As with search trees, tries are data structures composed of nodes that contain links that are either null or references to other nodes. Each node is pointed to by just one other node, which is called its parent (except for one node, the root, which has no nodes pointing to it), and each node has R links, where R is the alphabet size. Often, tries have a substantial number of null links, so when we draw a trie, we typically omit null links. Although links point to nodes, we can view each link as pointing to a trie, the trie whose root is the referenced node. Each link corresponds to a character value—since each link points to exactly one node, we label each node with the character value corresponding to the link that points to it (except for the root, which has no link pointing to it). Each node also has a corresponding value, which may be null or the value associated with one of the string keys in the symbol table. Specifically, we store the value associated with each key in the node corresponding to its last character.
Substring Search
Brute-force substring search
An obvious method for substring search is to check, for each possible position in the text at which the pattern could match, whether it does in fact match.

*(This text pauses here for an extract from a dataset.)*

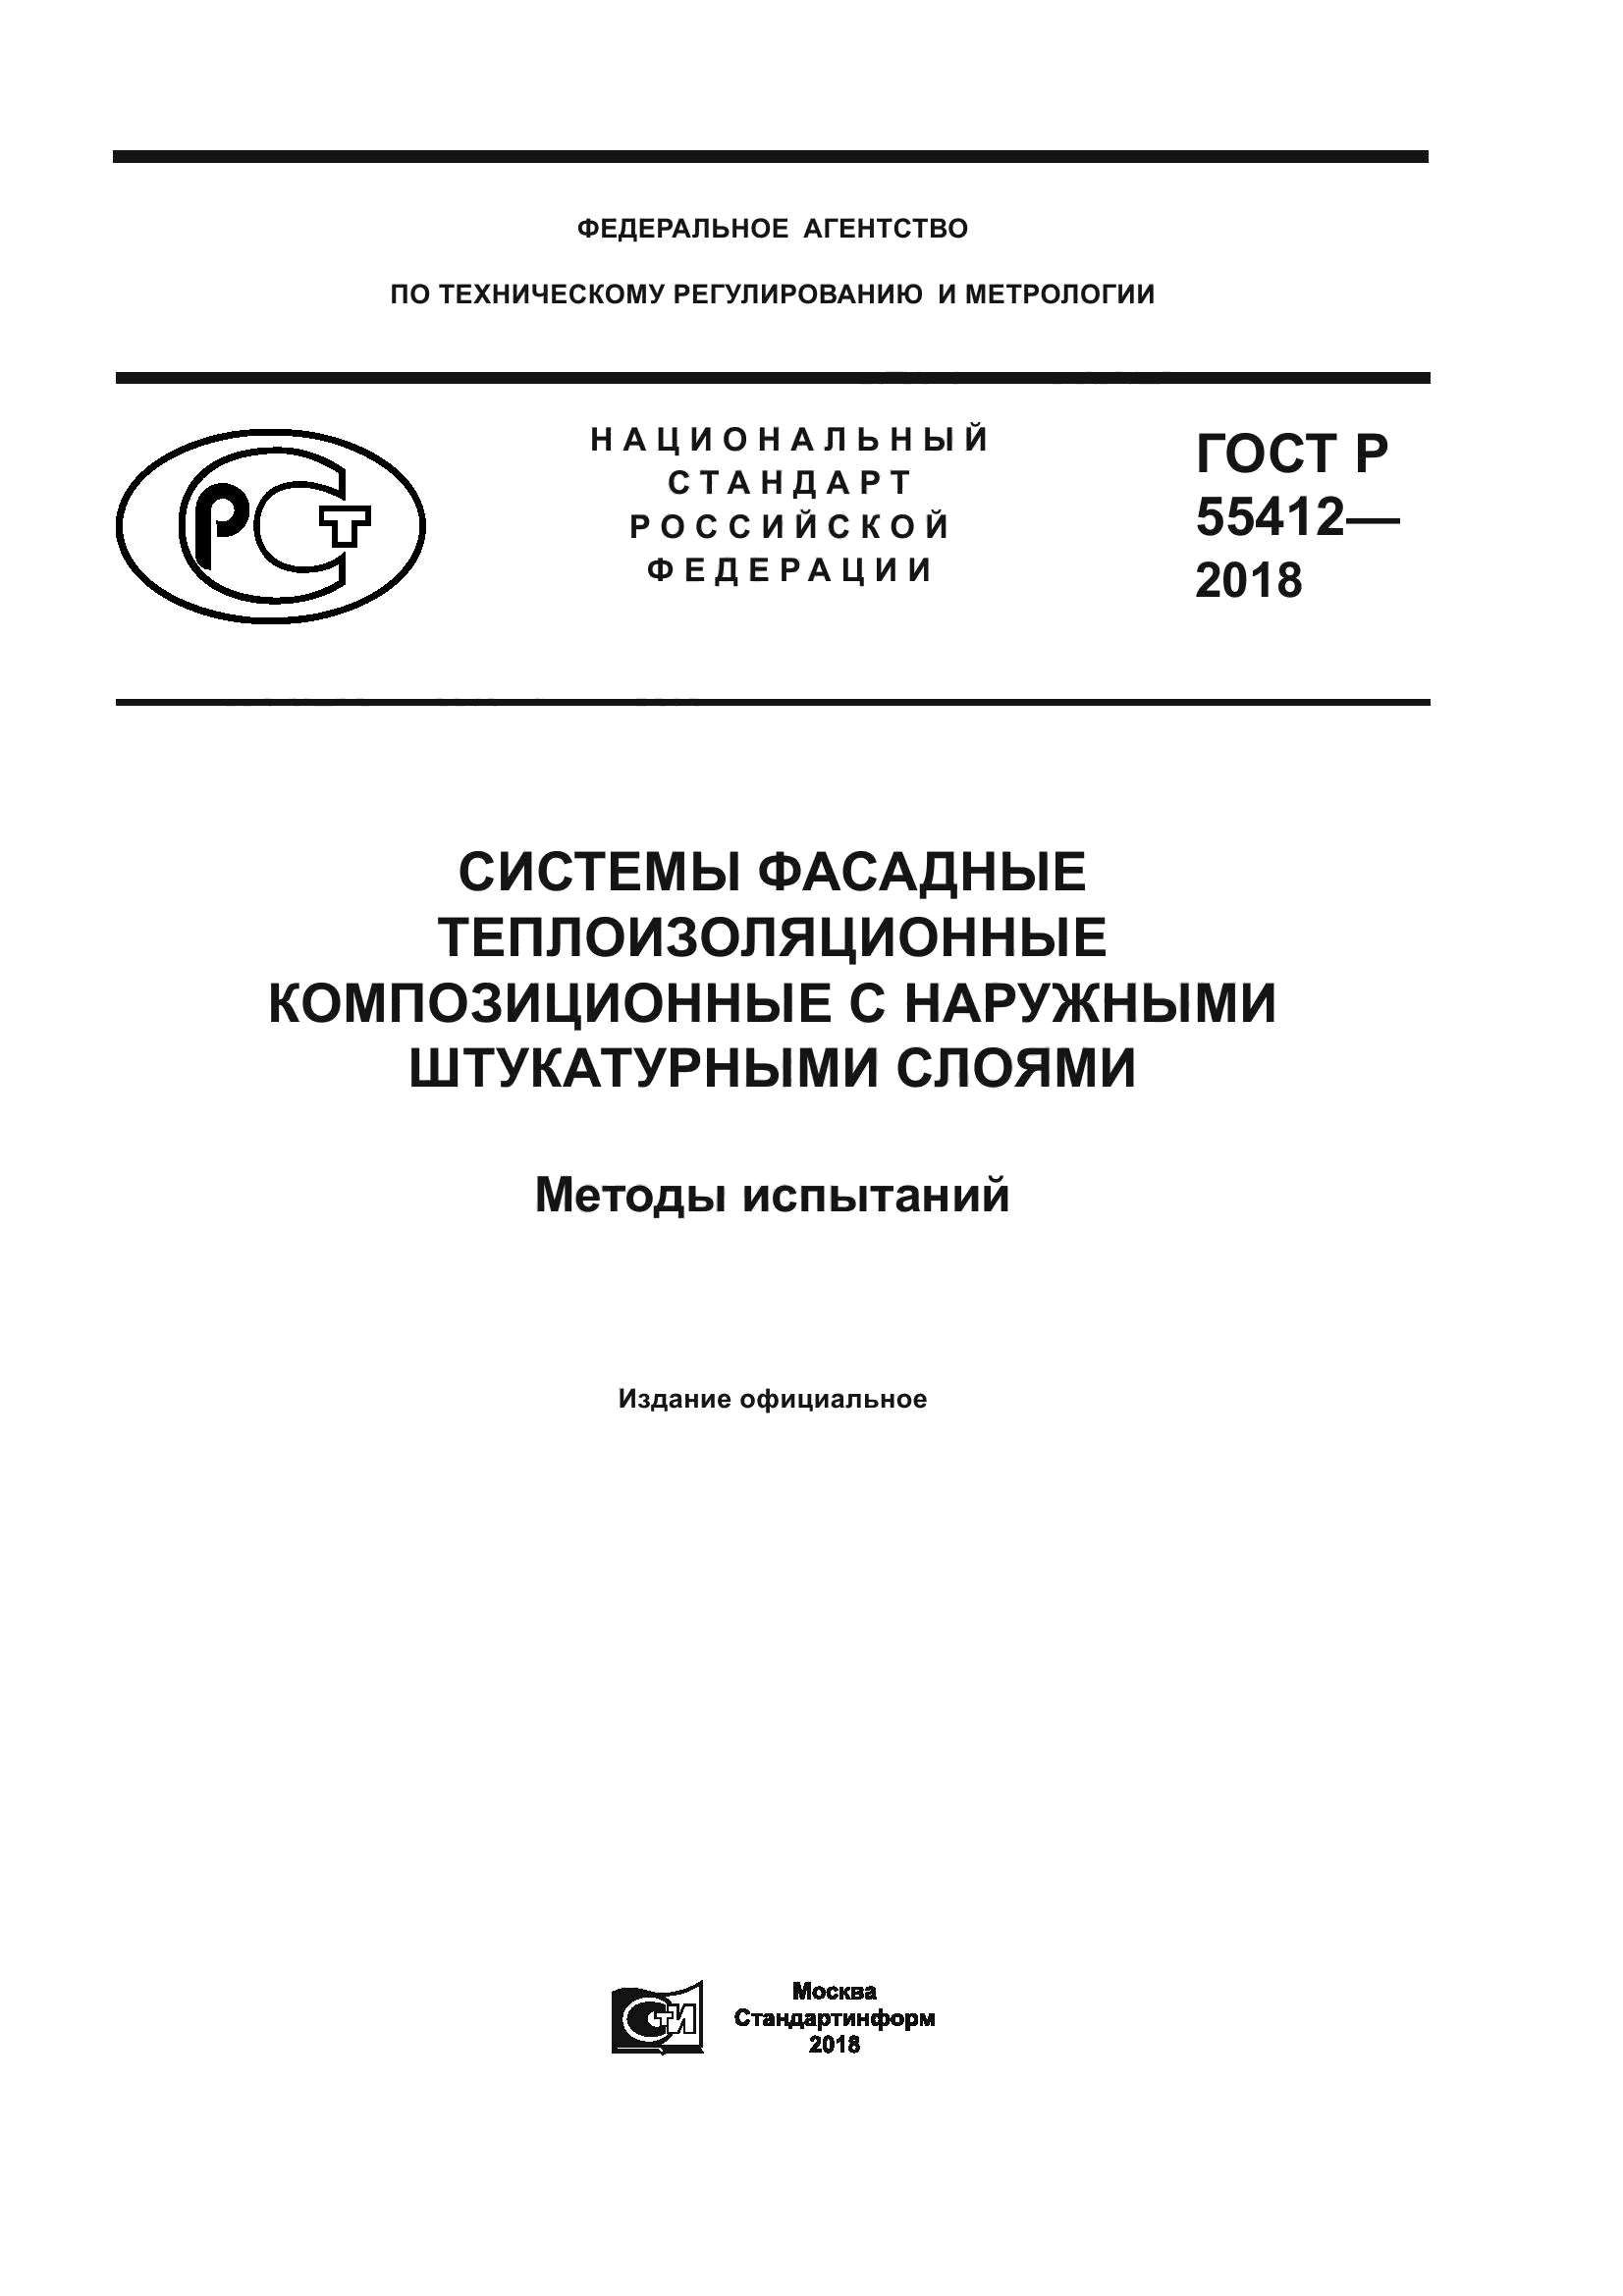 ГОСТ Р 55412-2018

public static int search(String pat, String txt) {
int M = pat.length();
int N = txt.length();
for (int i = 0; i <= N - M; i++) {
int j;
for (j = 0; j < M; j++)
if (txt.charAt(i + j) != pat.charAt(j))
break;
if (j == M)
return i; // found
}
return N; // not found
}
Knuth-Morris-Pratt substring search
The basic idea behind the algorithm discovered by Knuth, Morris, and Pratt is this: whenever we detect a mismatch, we already know some of the characters in the text (since they matched the pattern characters prior to the mismatch). We can take advantage of this information to avoid backing up the text pointer over all those known characters.

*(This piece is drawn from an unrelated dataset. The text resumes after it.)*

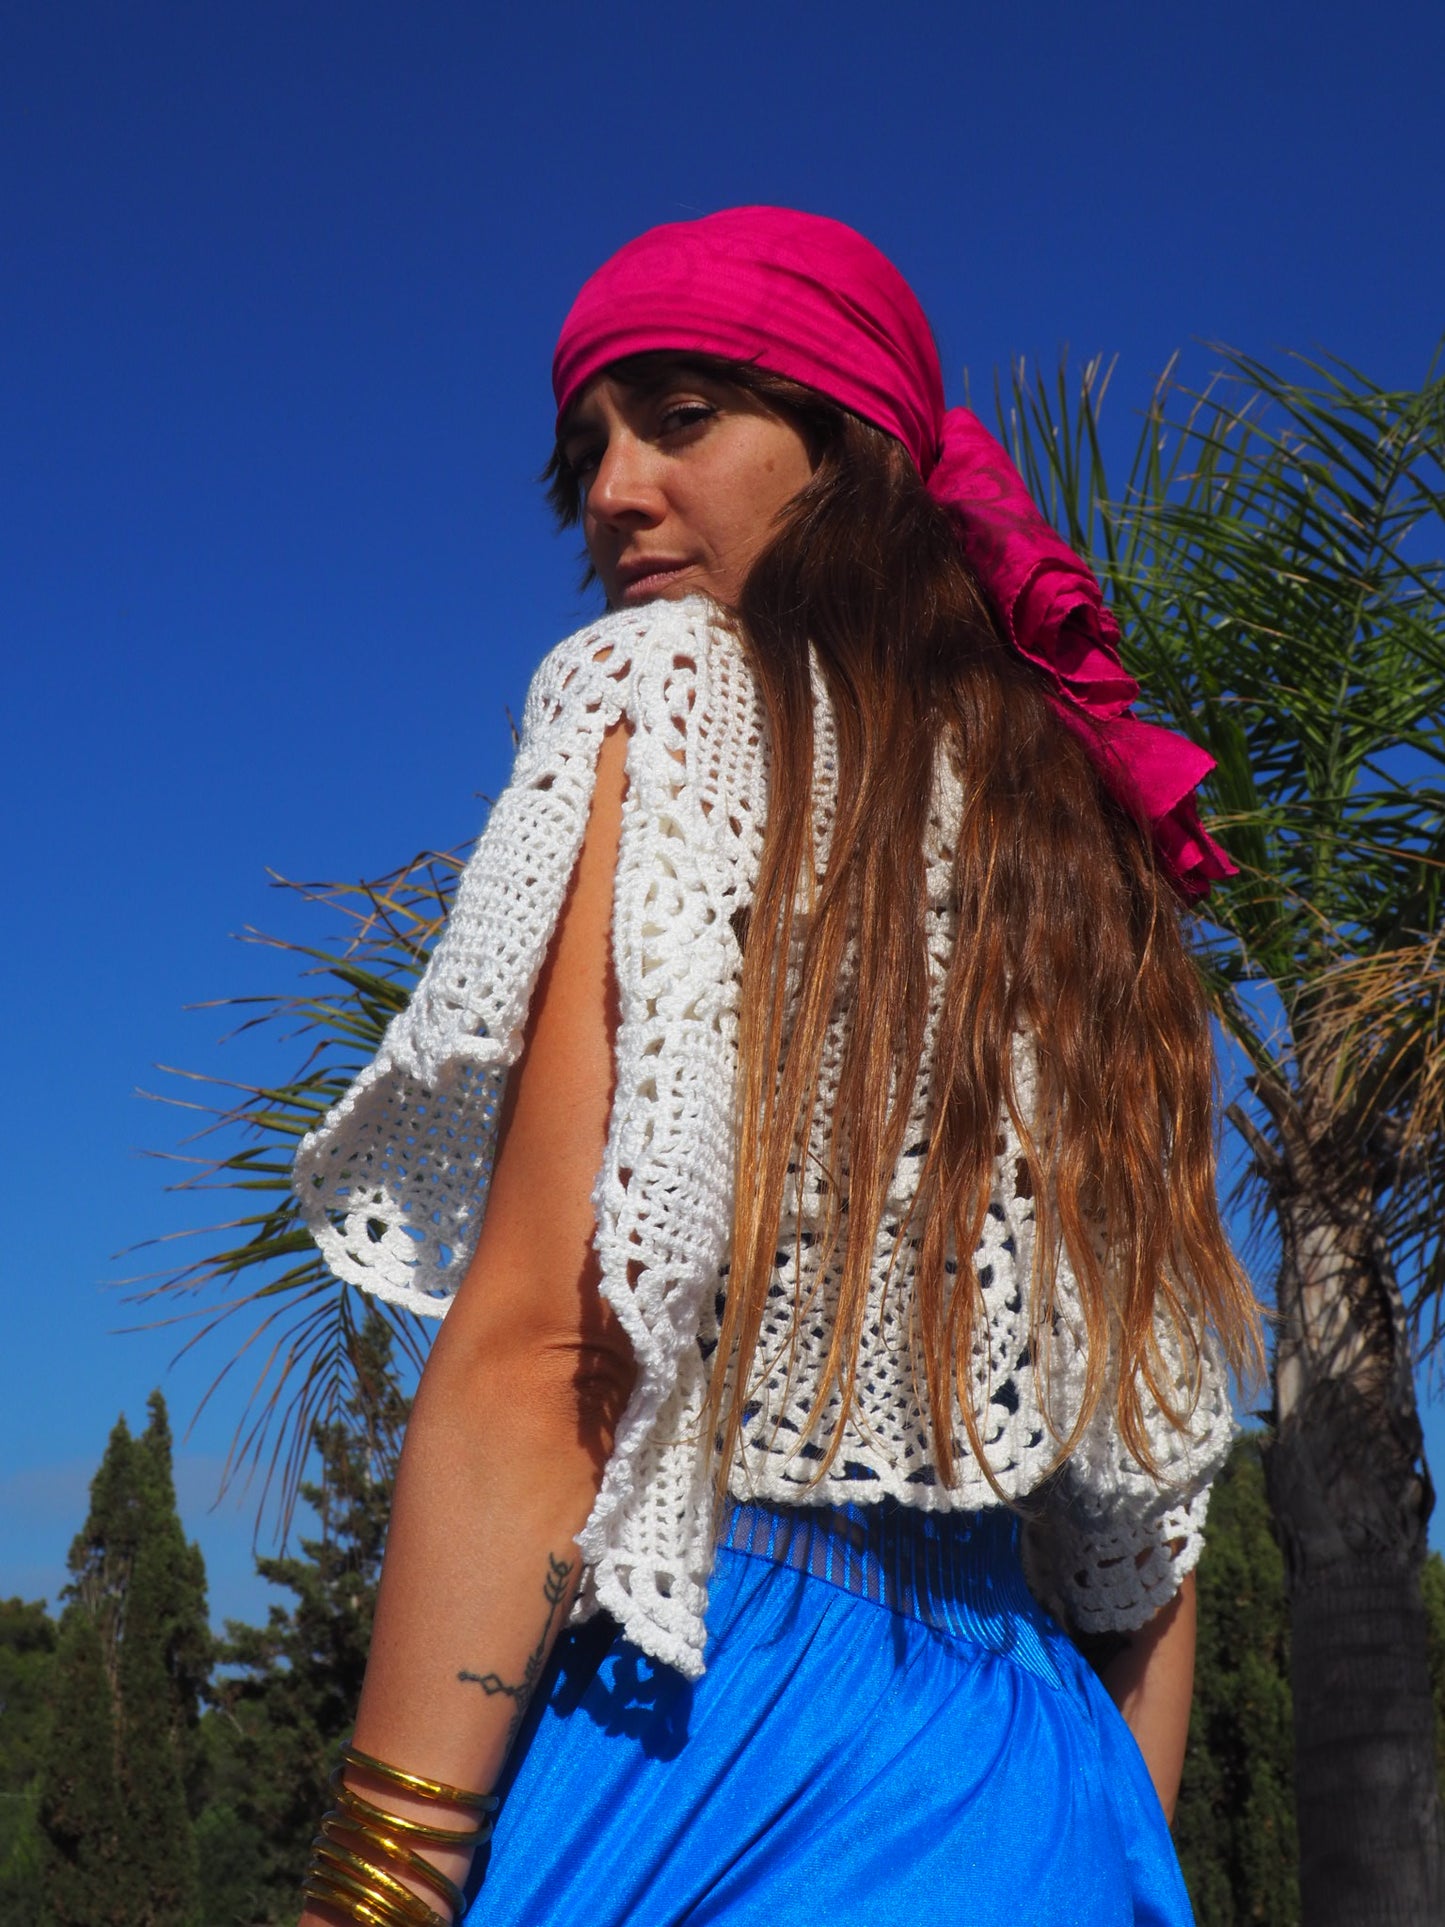 Antique handmade lace crochet up-cycled top by Vagabond Ibiza | vagabond ibiza

Rabin-Karp fingerprint search
The method developed by M. O. Rabin and R. A. Karp is a completely different approach to substring search that is based on hashing. We compute a hash function for the pattern and then look for a match by using the same hash function for each possible M
-character substring of the text. If we find a text substring with the same hash value as the pattern, we can check for a match. This process is equivalent to storing the pattern in a hash table, then doing a search for each substring of the text, but we do not need to reserve the memory for the hash table because it would have just one entry. A straightforward implementation based on this description would be much slower than a brute-force search (since computing a hash function that involves every character is likely to be much more expensive than just comparing characters), but Rabin and Karp showed that it is easy to compute hash functions for M
-character substrings in constant
time (after some preprocessing), which leads to a linear
-time substring search in practical situations.